Despite being a huge fan of the gifted Italian director Paolo Sorrentino, I have to admit I approached This Must Be The Place with extreme caution, and even after viewing this unconventional film twice, I have to be honest – it is not a movie I would unreservedly recommend. I don’t even know if I can say it’s actually a good film. Yet, while I was anticipating something faintly horrible – a real Sundance-fest of grating, overt quirkiness with a lead performance of near Olympian irritation – I instead found an enormously good natured, beautifully photographed, oddly moving and sometimes very funny film that disarmed and charmed me in equal measure.
This is an enormously indulgent work, far less controlled and precise than The Family Friend, Il Divo or – Sorrentino’s best thus far – The Consequences of Love. It’s pleasures (and there are many) will perhaps be most cherished by an audience receptive to the kind of flaky paeans to ‘80s Americana offered by directors like David Lynch, Jonathan Demme and Wim Wenders. Fans of Paris Texas and True Stories will find much that tickles their fancy here, and there are some definite nods to Lynch’s The Straight Story (including a lovely, unexpected cameo from Harry Dean Stanton).

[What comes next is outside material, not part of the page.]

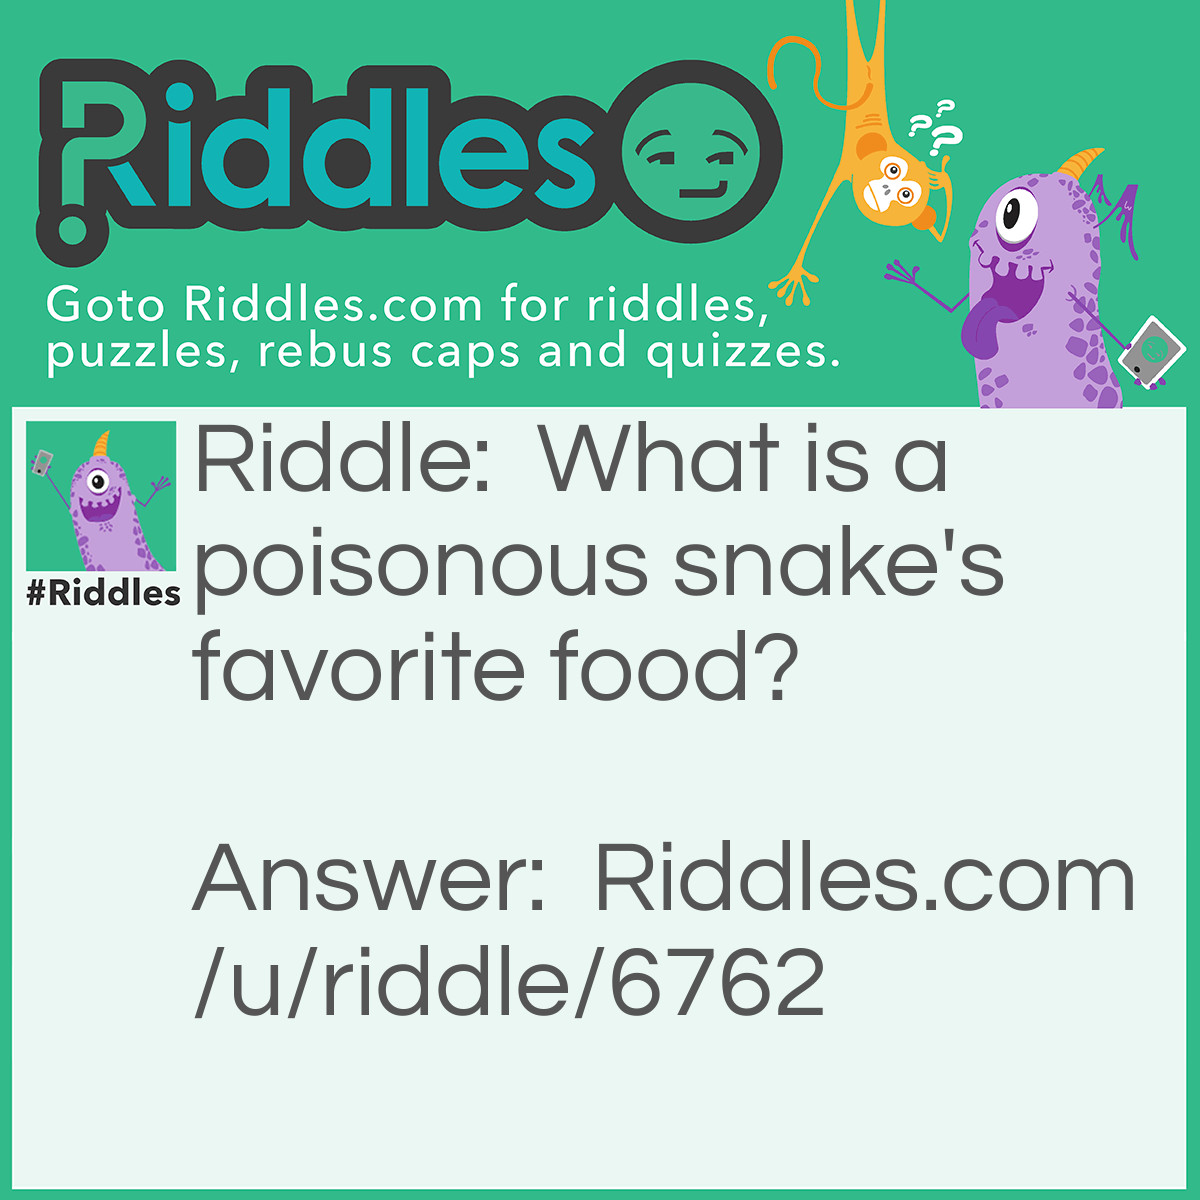 Riddle: What is a poisonous snake's favorite food? Answer: A peanut butter deadly sandwich!

A near-unrecognisable Penn is Cheyenne, an isolated Goth rocker who had a couple of monster hits in the ‘80s before giving up the game entirely. Married to fellow kook and fire-fighter Jane (Frances McDormand) and living in a massive, sprawling house in Dublin, Cheyenne has trouble on his mind. His best friend is a disaffected teenage girl, Mary (Bono’s daughter Eve Hewson), whose brother has disappeared. He remains haunted by the fact that two teenagers topped themselves listening to his million selling hits of ennui back in the day. Cheyenne is a cartoon-like figure who is jolted into reality when he learns of the death of his estranged father. The old man had spent the last years of his life trying to track down this Nazi persecutor from Auschwitz and Cheyenne, a boy-man who has spent the last twenty years doing almost nothing, becomes slowly compelled to track this shadowy figure down – enlisting the services of a professional Nazi hunter (played by Judd Hirsch).

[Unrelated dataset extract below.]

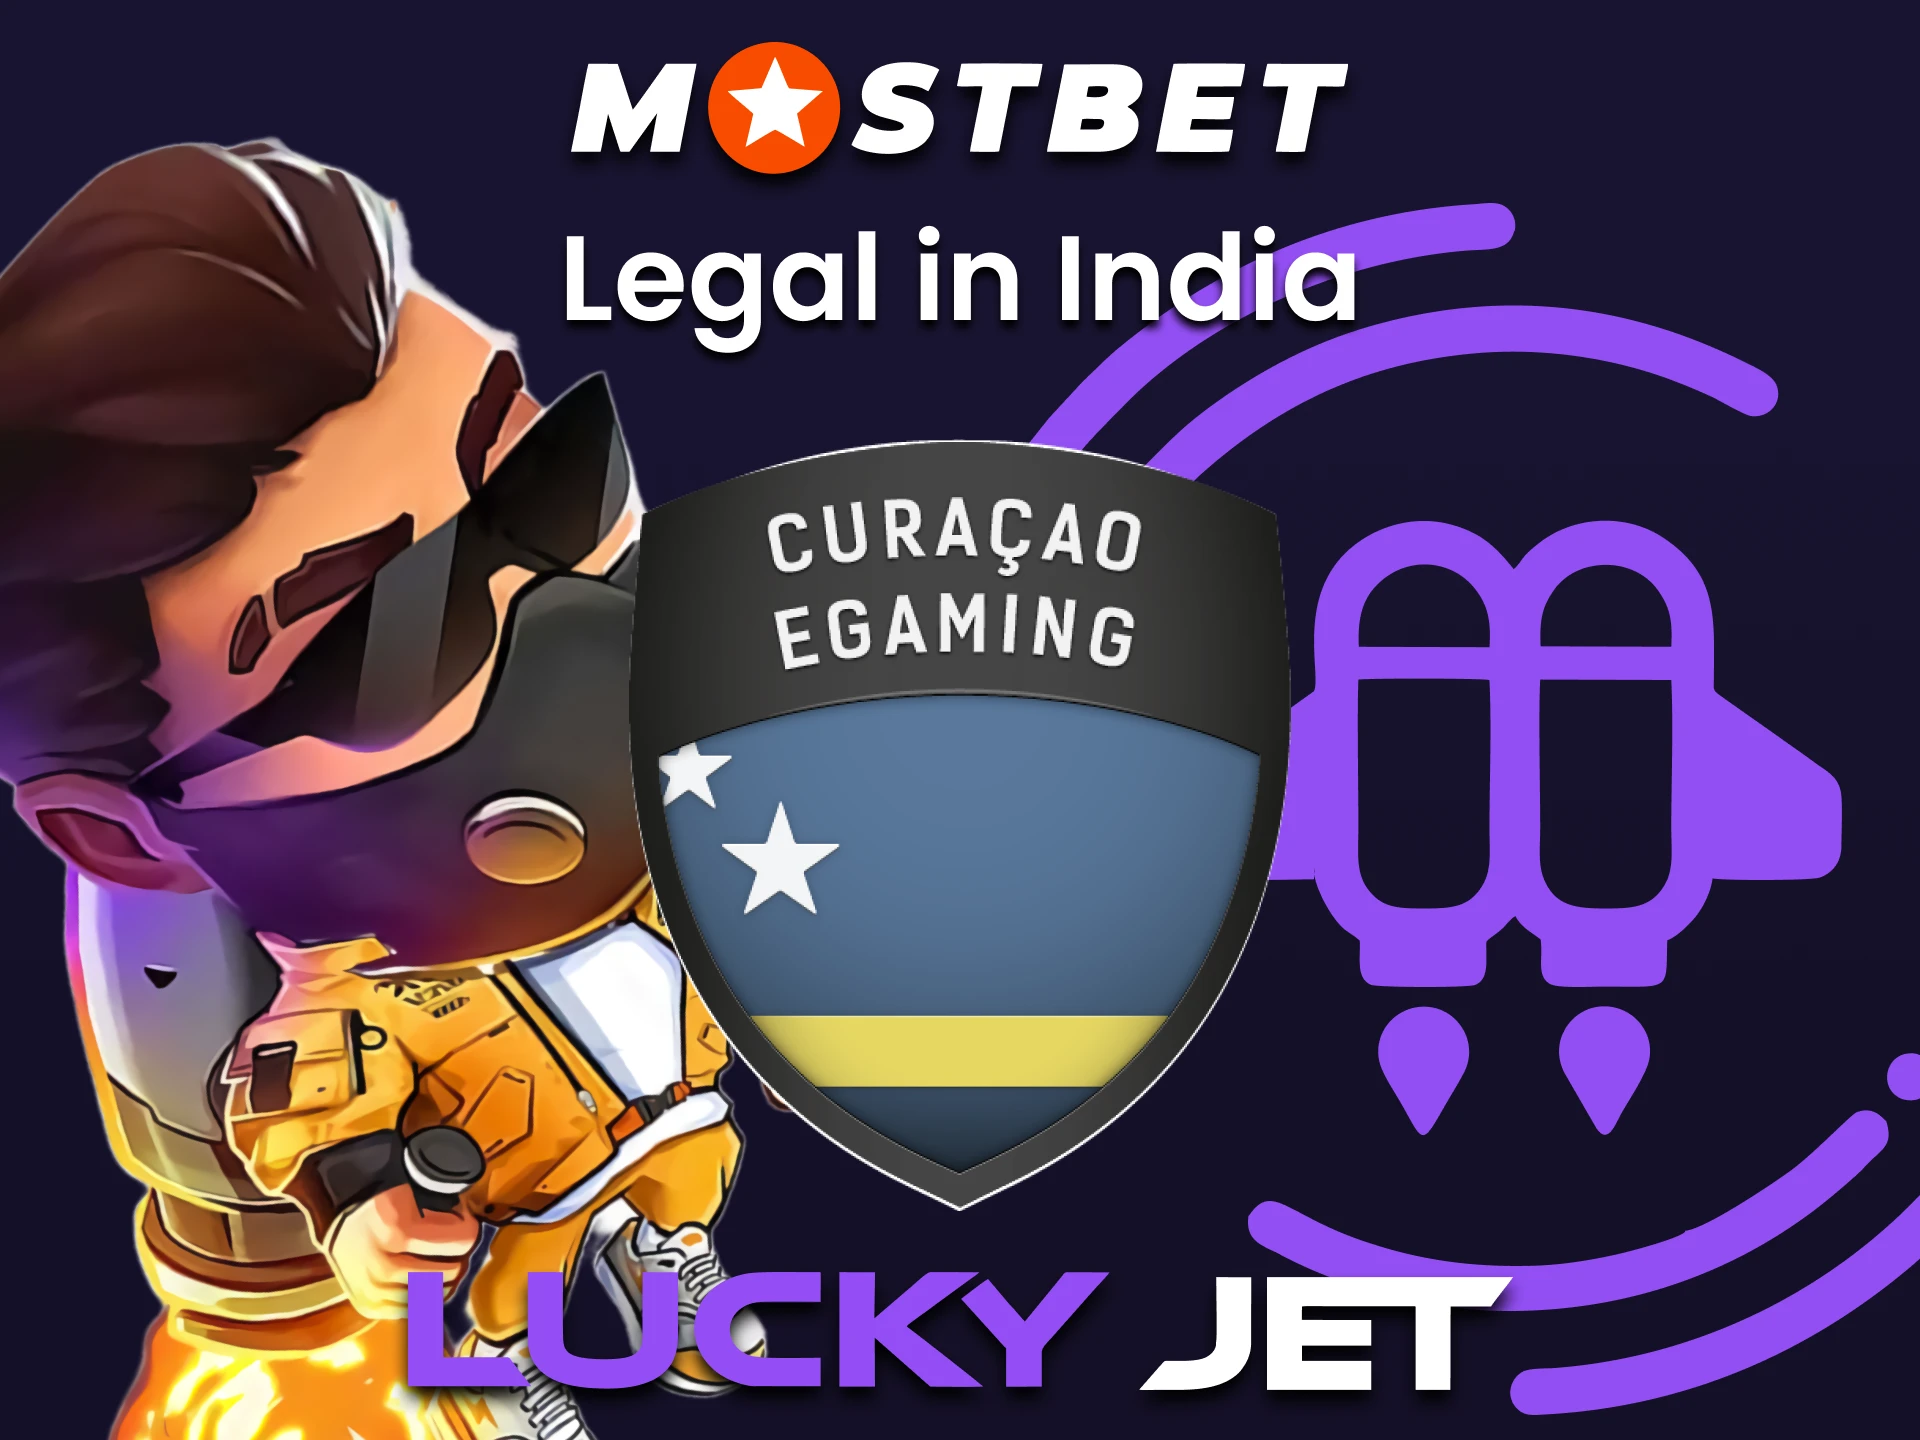 It is absolutely legal to play Lucky Jet at Mostbet.

Anyone familiar with Sorrentino’s work will know that he is a unique talent with a taste for mordant, deadpan comedy. This though is the first of his films that could be viewed for the most part as an outright comedy (although it takes a very strange and not entirely convincing turn at the very end.) In typically perverse fashion, Sorrentino has cast an actor not exactly renowned for having any discernible sense of humour. Aside from his early hilarious turn in n Fast Times At Ridgemont High, Penn (a remarkable actor with an occasional tendency toward mugging) has rarely shown much gift for comedic timing (as anyone who suffered through his charmless turns in Shanghai Surprise and We’re No Angels will testify). However, as a fifty something Goth rock star recluse equal parts Edward Scissorhands, Robert Smith and Elizabeth Taylor, he is a genuine hoot – uttering deadpan bon mots in a ghostly, Michael Jackson whisper and shuffling around his local supermarket picking up bargain pizzas and cartons of juice to guzzle.

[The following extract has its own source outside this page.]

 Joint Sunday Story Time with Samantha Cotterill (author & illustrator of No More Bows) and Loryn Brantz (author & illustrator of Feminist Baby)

There is a lot about this film that doesn’t quite work. I didn’t care for the struggling rocker who shows up at Cheyenne’s pad asking him to produce his album, or even particularly for the subplot about Eve’s missing brother and a near catatonic mother smoking herself into oblivion while waiting for his return. But these and other story strands are part of this films’ odd patchwork quilt style narrative. Some strands are left unfinished, and that is all part of the ragged charm. There is so much to enjoy and indulge in if you allow the films odd, hypnotic rhythms to take you over. And this is a film of rhythms, of a particularly off-kilter kind. It’s like a particularly lengthy, funky 12” remix of a great pop song, taking strange detours throughout its running time. Unsurprisingly for a film named after a Talking Heads song (and with a great cameo from David Byrne) this is a real music lover’s film.
A welcome and entirely unexpected detour from a vital director who thrives on surprise, This Must Be The Place has a looseness about its structure and pacing, which keeps things amusing when they could easily become either facile or overblown. I was surprised by the constant referencing of Arvo Part’s Alina throughout which, though beautiful, seems rather jarring. But this is an original film that wears its influences very well, fashioning a sound of its own while echoing some of the great road movies of the ‘70s and ‘80s. I was a little disappointed though, that amongst the films many cover versions of the great Talking Heads song that gives the film its title, there was no room for singer Shawn Colvin’s crystal clear, beautifully rendered, but ultimately rather conventional cover. Perhaps for Sorrentino that was considered too straight for this story.